§ **DATA SEGMENT**:
- - -
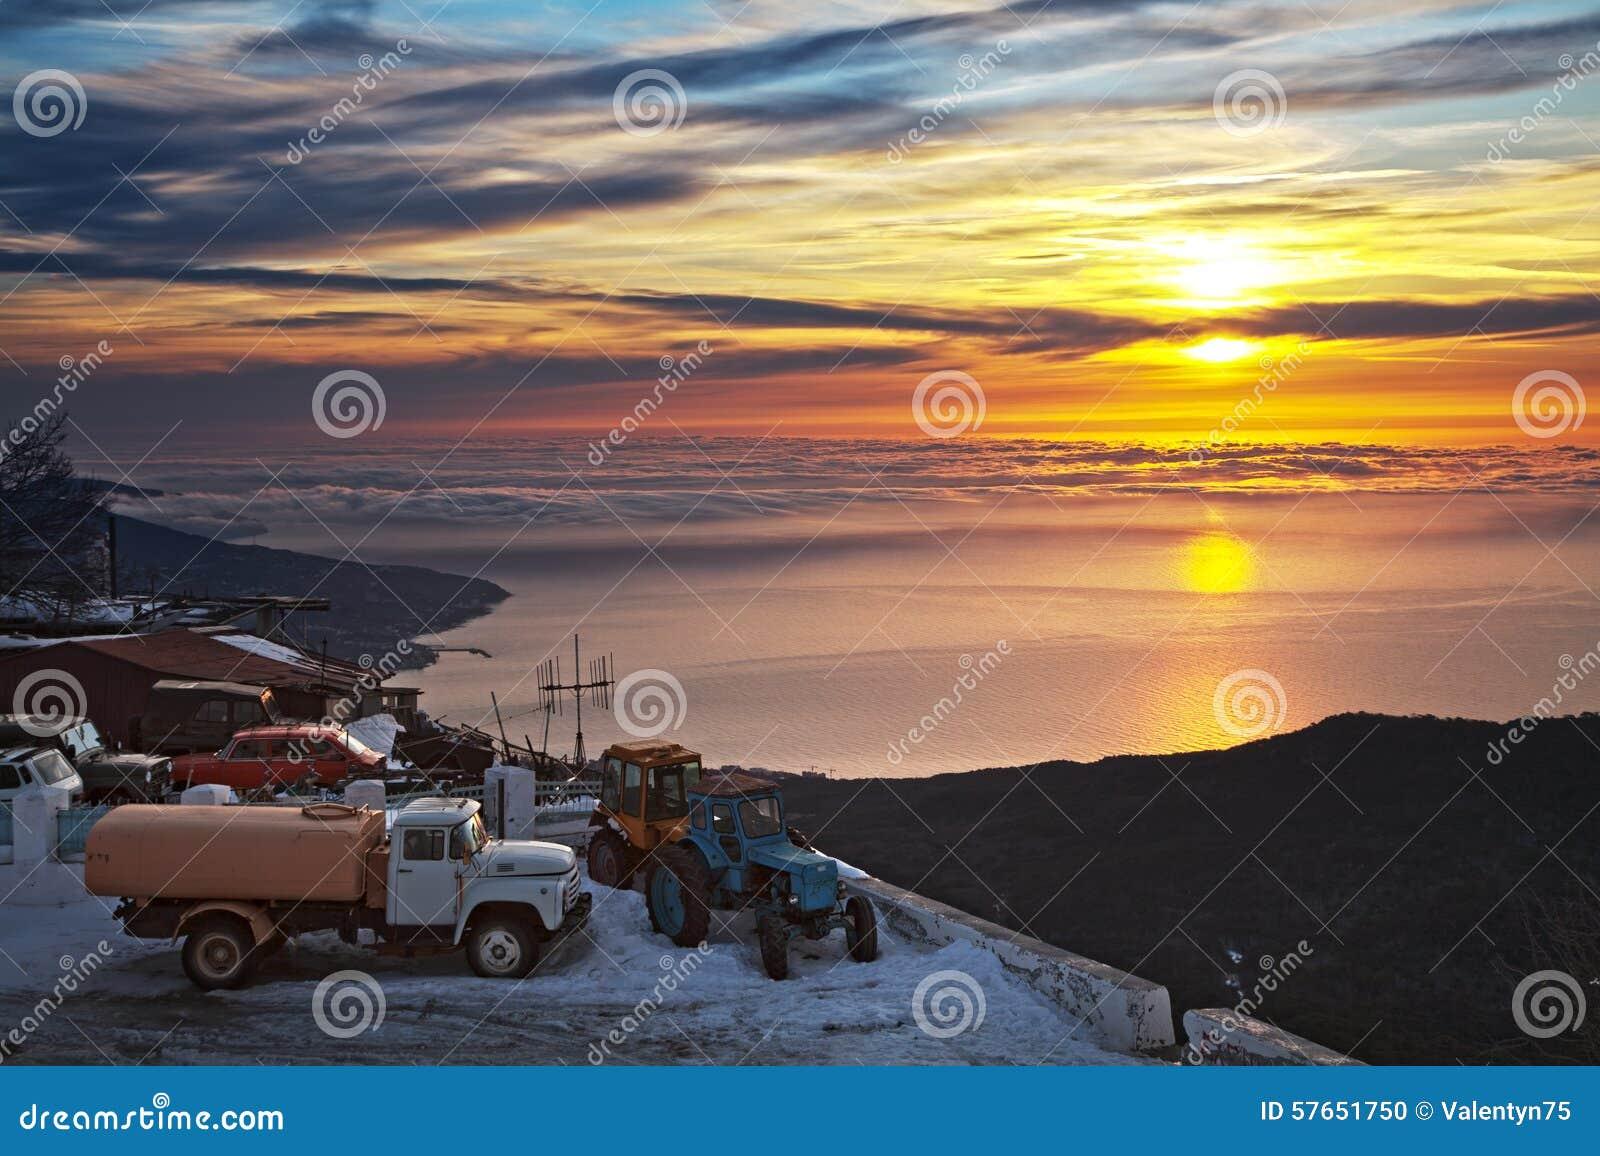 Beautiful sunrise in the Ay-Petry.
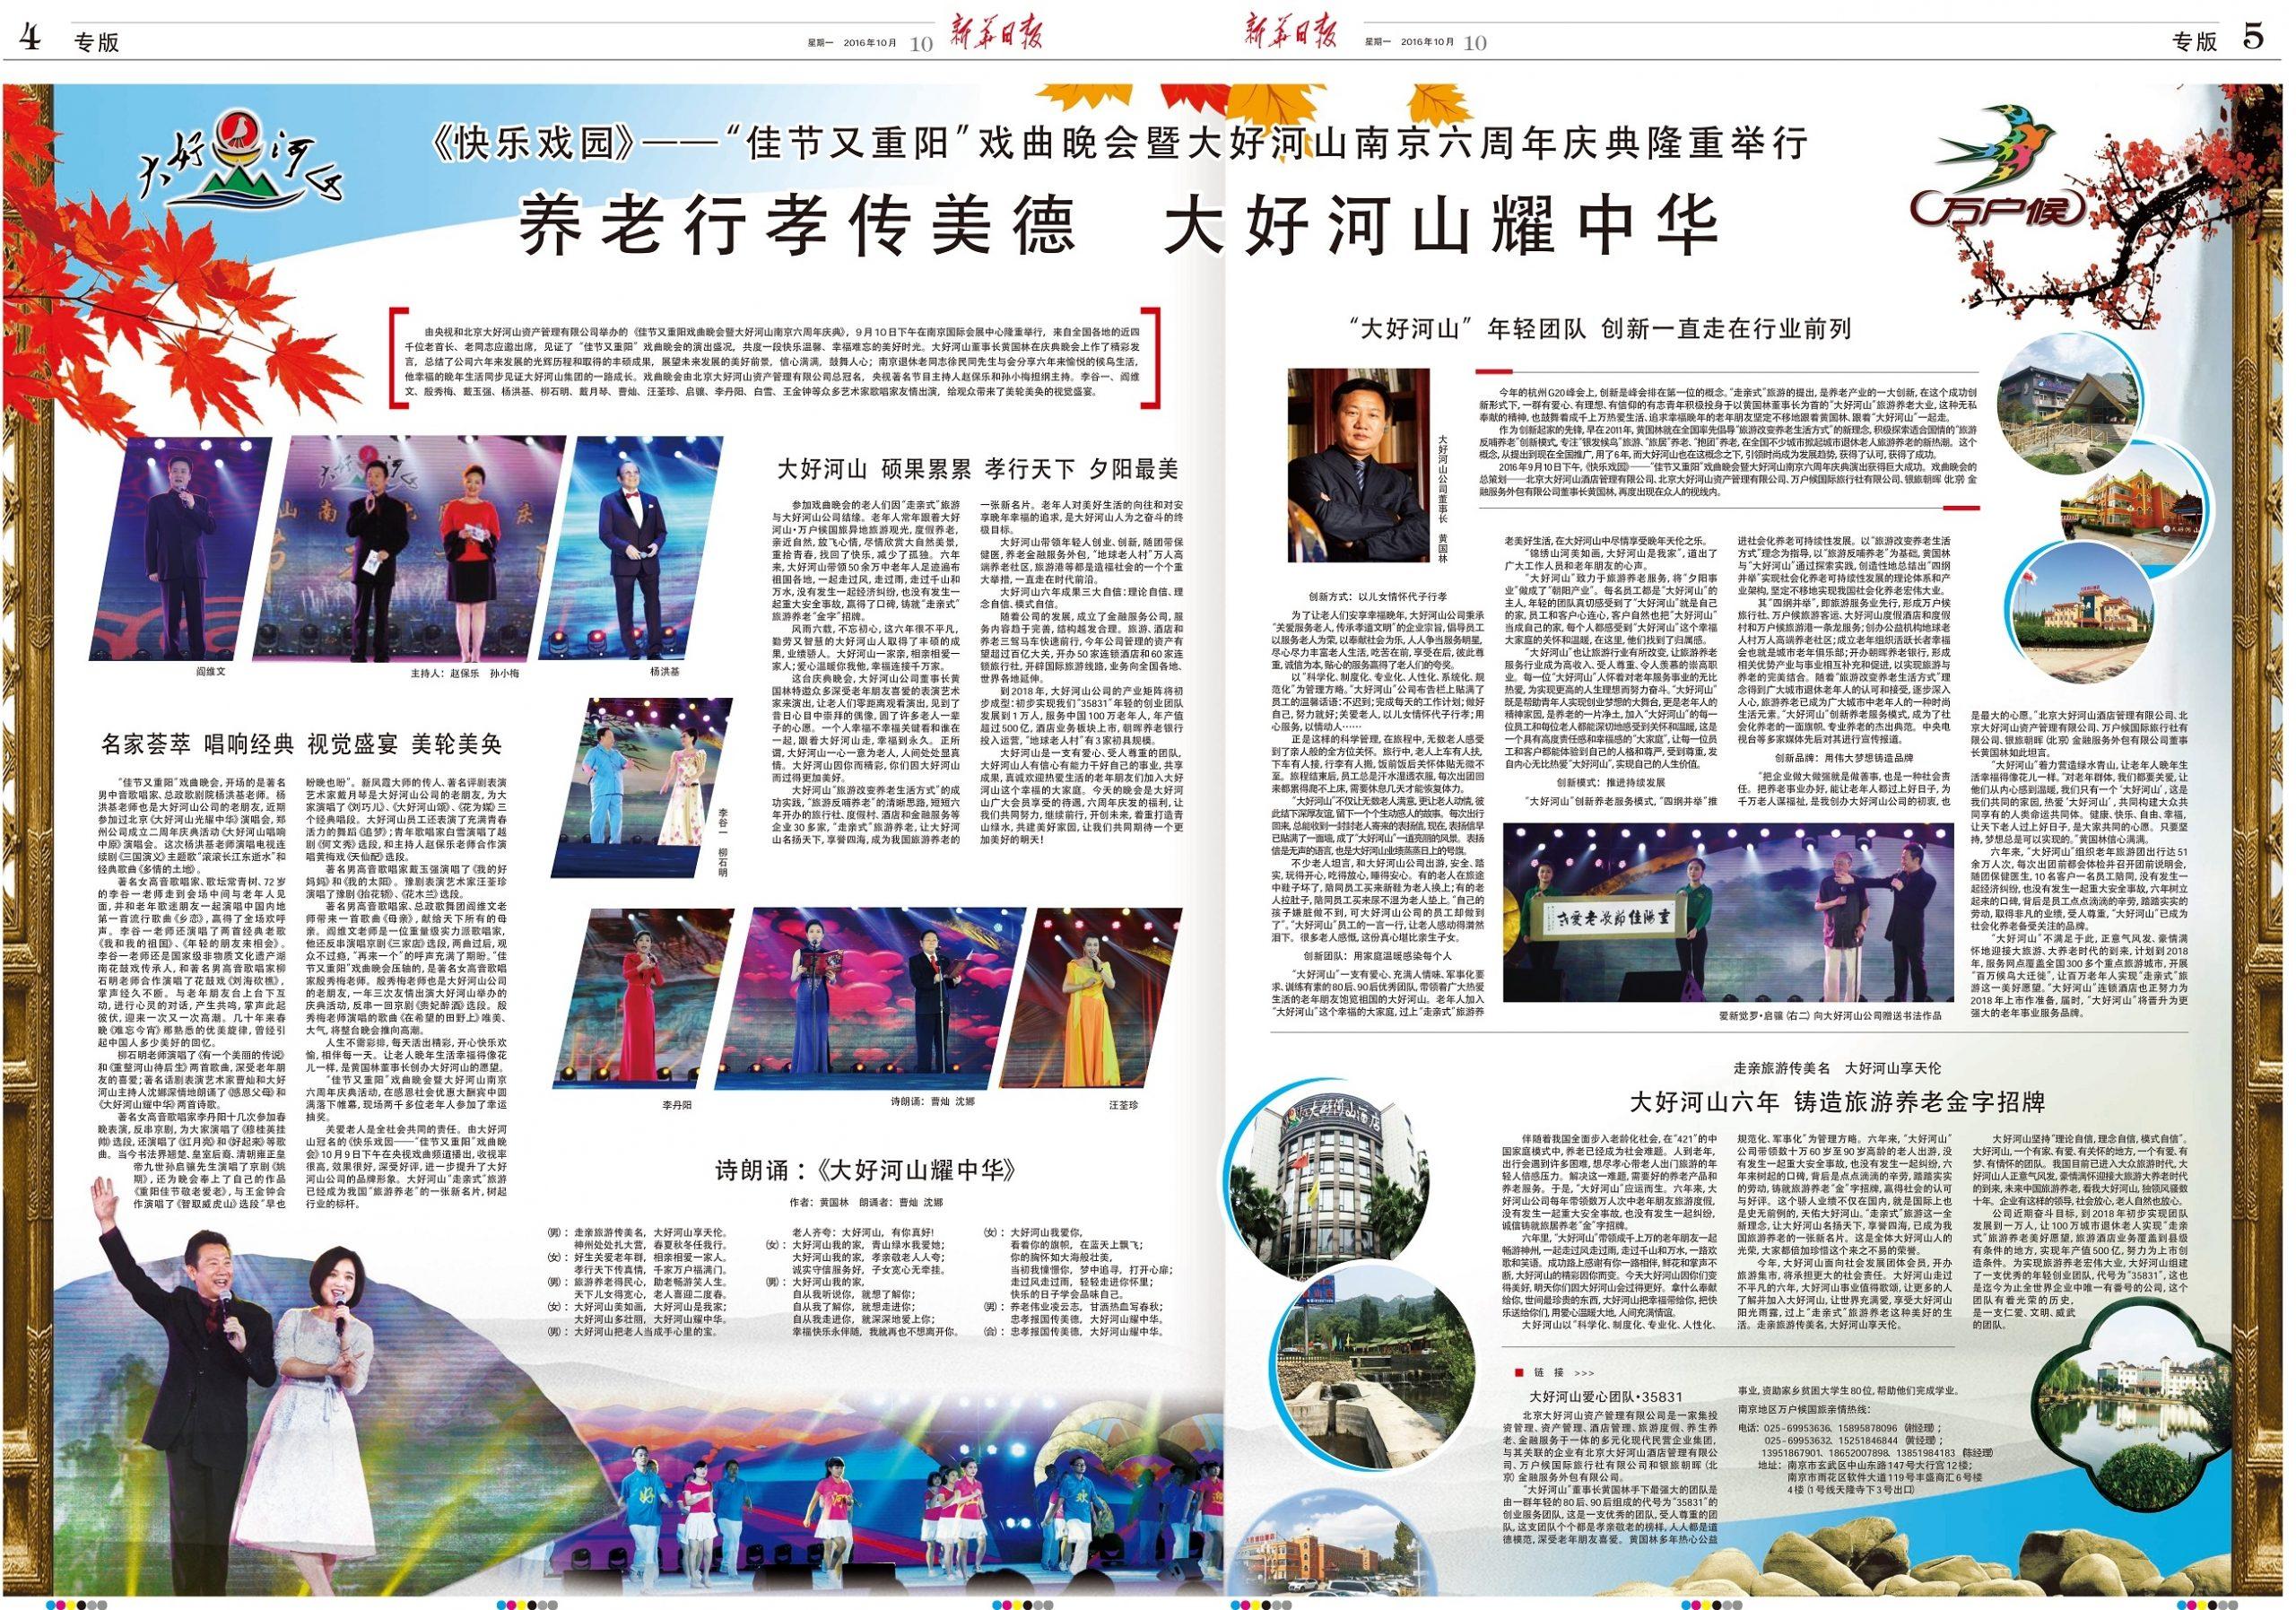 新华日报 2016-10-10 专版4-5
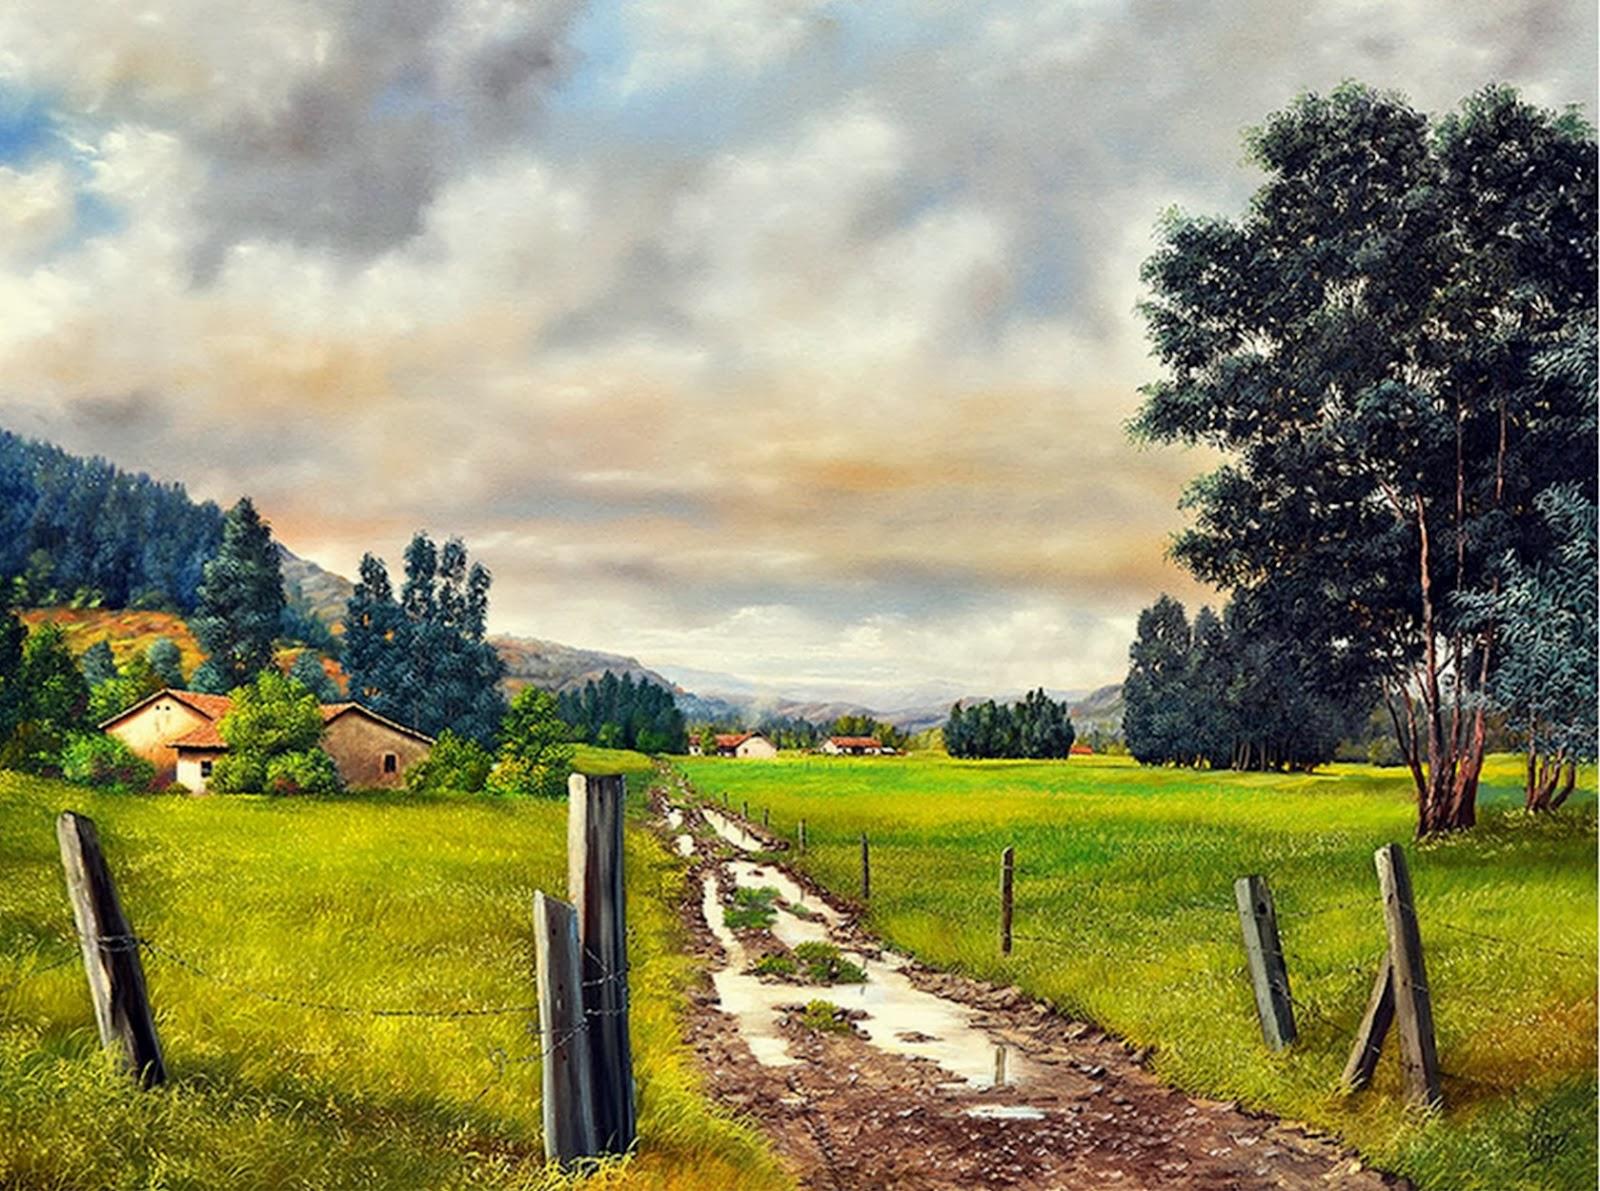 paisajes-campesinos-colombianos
- - -
§ **THE TASK**: Output all the material above exactly once more, leaving every picture out.

§ **YOUR SOLUTION**:
 Beautiful sunrise in the Ay-Petry.
 新华日报 2016-10-10 专版4-5
 paisajes-campesinos-colombianos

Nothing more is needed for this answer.